Euclidean Algorithm/Construction of Integer Combination
Construction of Integer Combination from Euclidean Algorithm
Having determined the GCD of $a$ and $b$ using the Euclidean Algorithm, we are now in a position to find a solution to $\gcd \set {a, b} = x a + y b$ for $x$ and $y$.
By Bézout's Identity it is always possible to find such an $x, y \in \Z$.
Working back through the equations generated during the course of working the Euclidean Algorithm, we get:
| \(\ds \gcd \set {a, b}\) | \(=\) | \(\ds r_n\) | ||||||||||||
| \(\ds \) | \(=\) | \(\ds r_{n - 2} - q_n r_{n - 1}\) | ||||||||||||
| \(\ds \) | \(=\) | \(\ds r_{n - 2} - q_n \paren {r_{n - 3} - q_{n - 1} r_{n - 2} }\) | ||||||||||||
| \(\ds \) | \(=\) | \(\ds \paren {1 + q_n q_{n - 1} } r_{n - 2} - q_n r_{n - 3}\) | ||||||||||||
| \(\ds \) | \(=\) | \(\ds \paren {1 + q_n q_{n - 1} } \paren {r_{n - 4} - q_{n - 2} r_{n - 3} } - q_n r_{n - 3}\) |
... and so on.

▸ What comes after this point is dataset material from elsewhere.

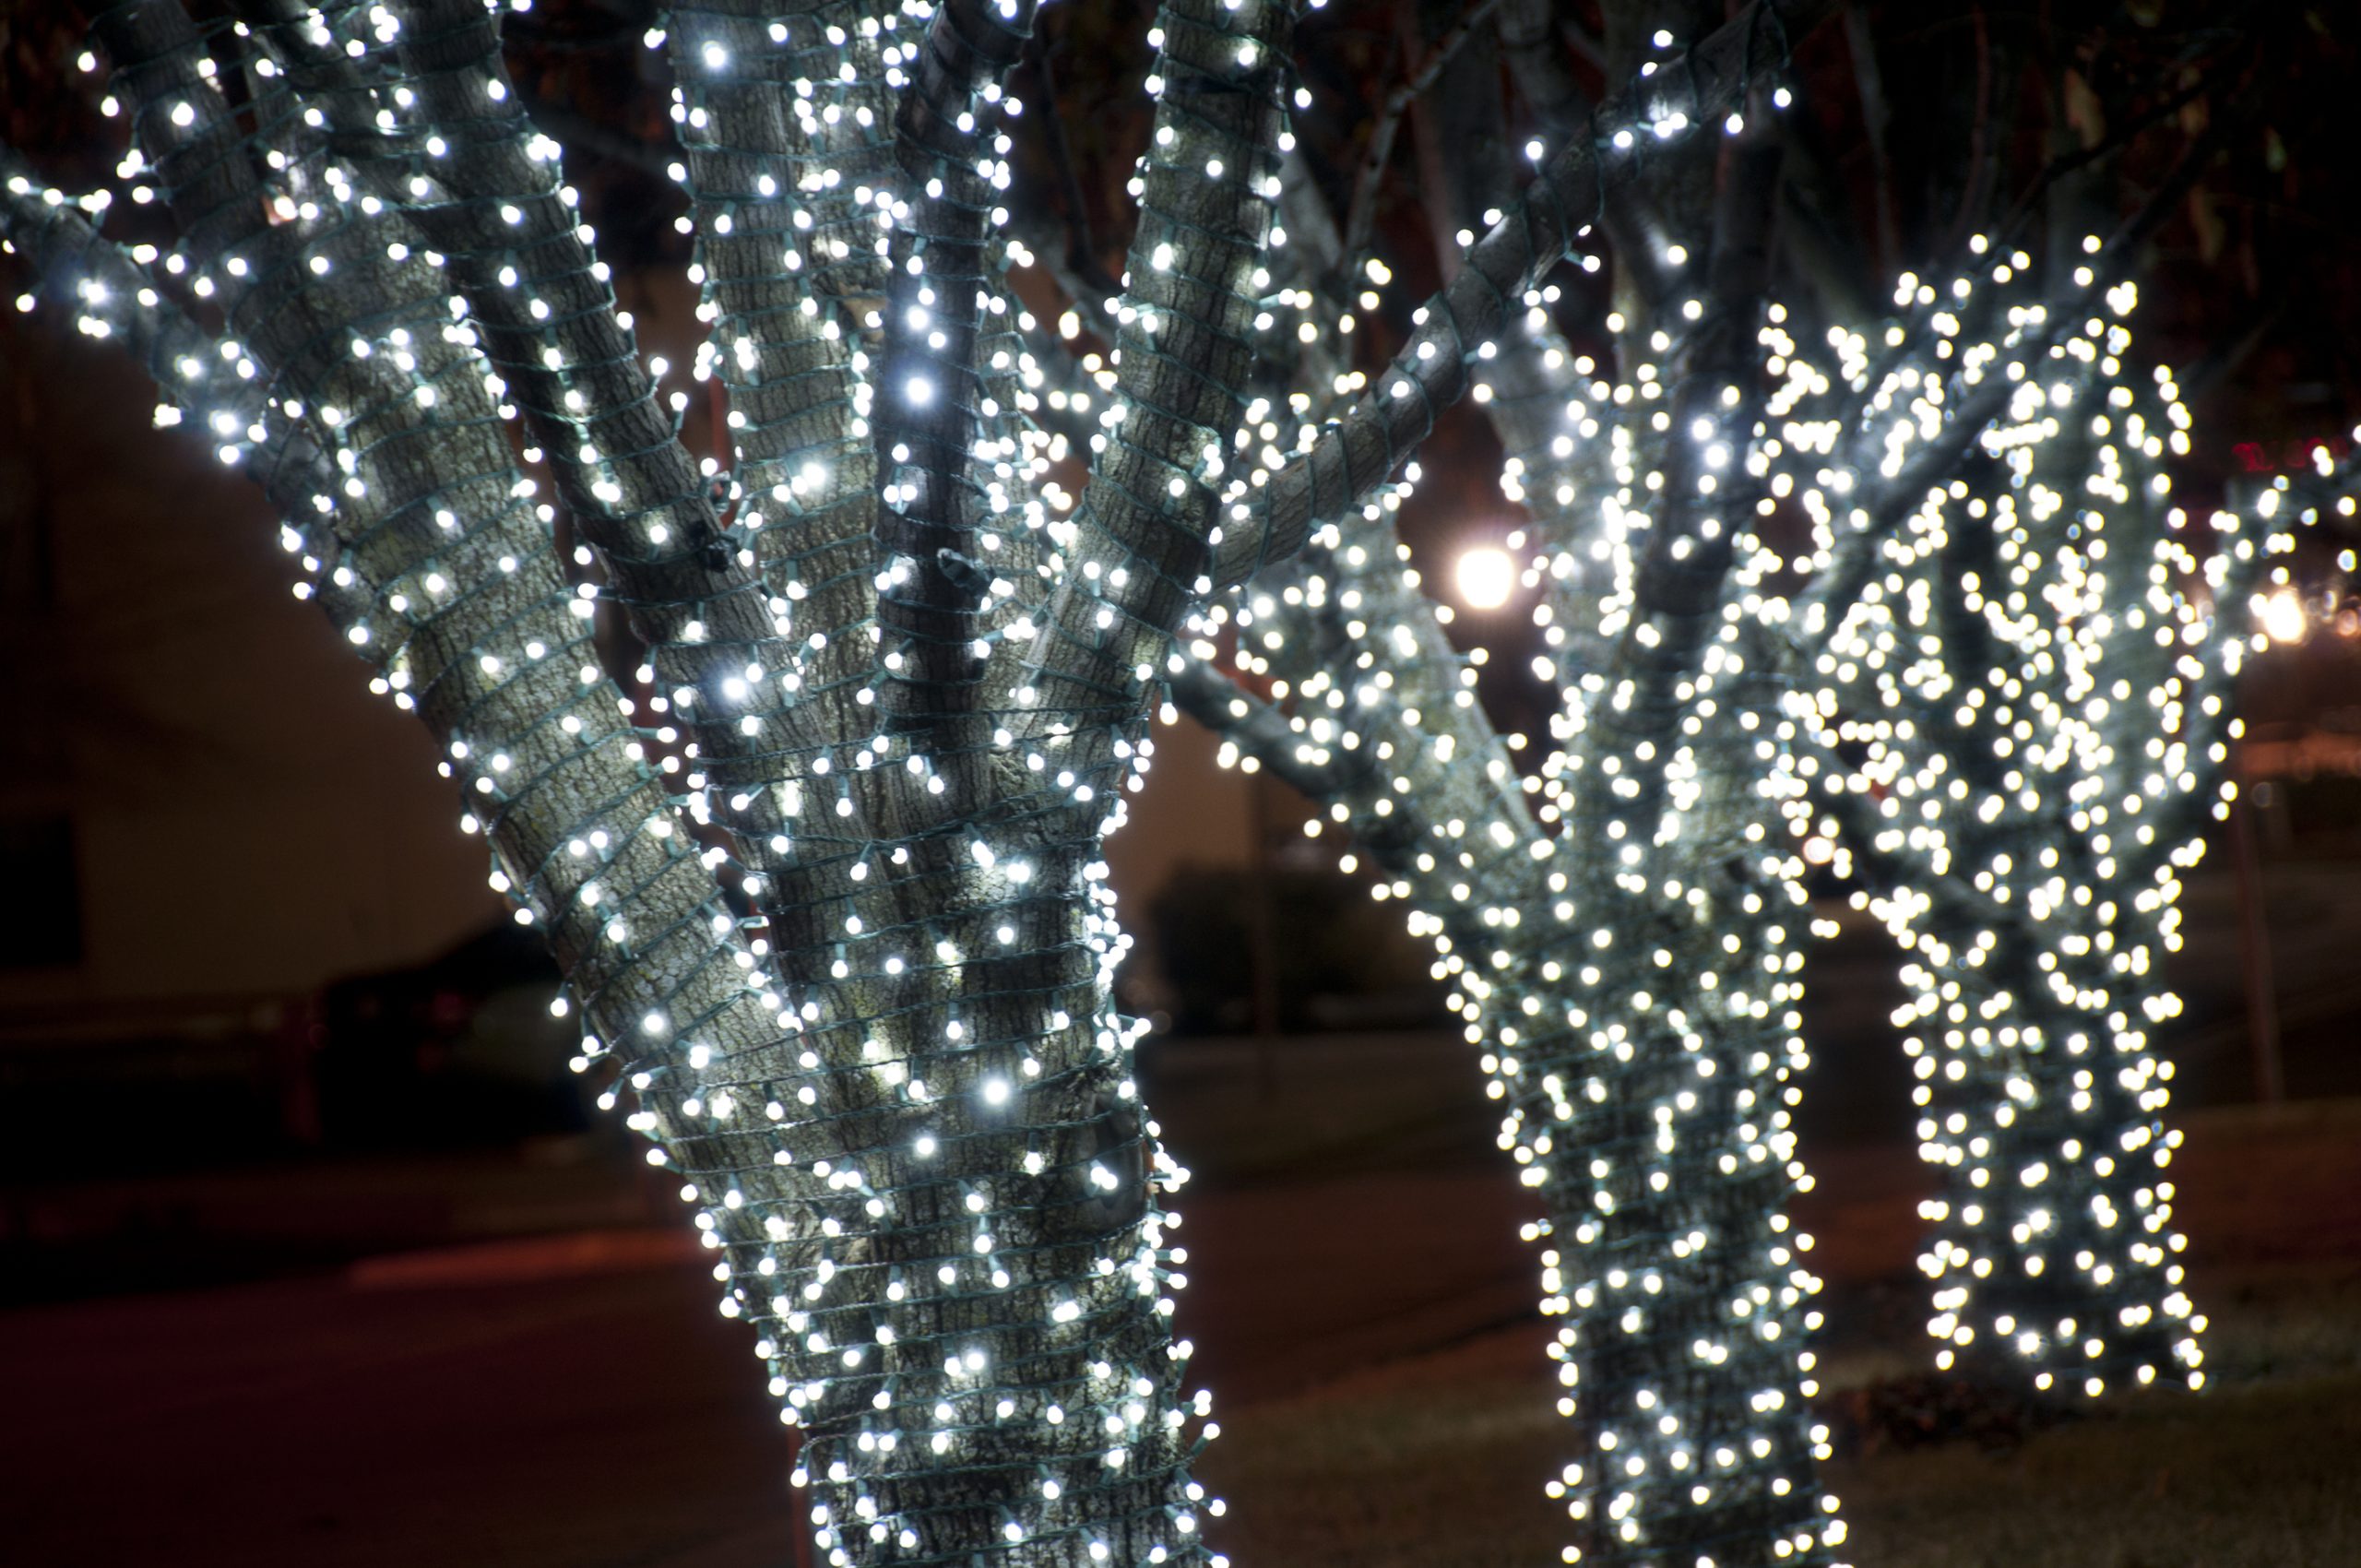 Outdoor Christmas Lights on Tree Trunks

The algebra gets messier the further up the tree you go, and is not immediately enlightening.
Thus eventually we arrive at $\gcd \set {a, b} = x a + y b$ where $x$ and $y$ are numbers made up from some algebraic cocktail of the coefficients of the terms involving the remainders from the various applications of the Division Theorem.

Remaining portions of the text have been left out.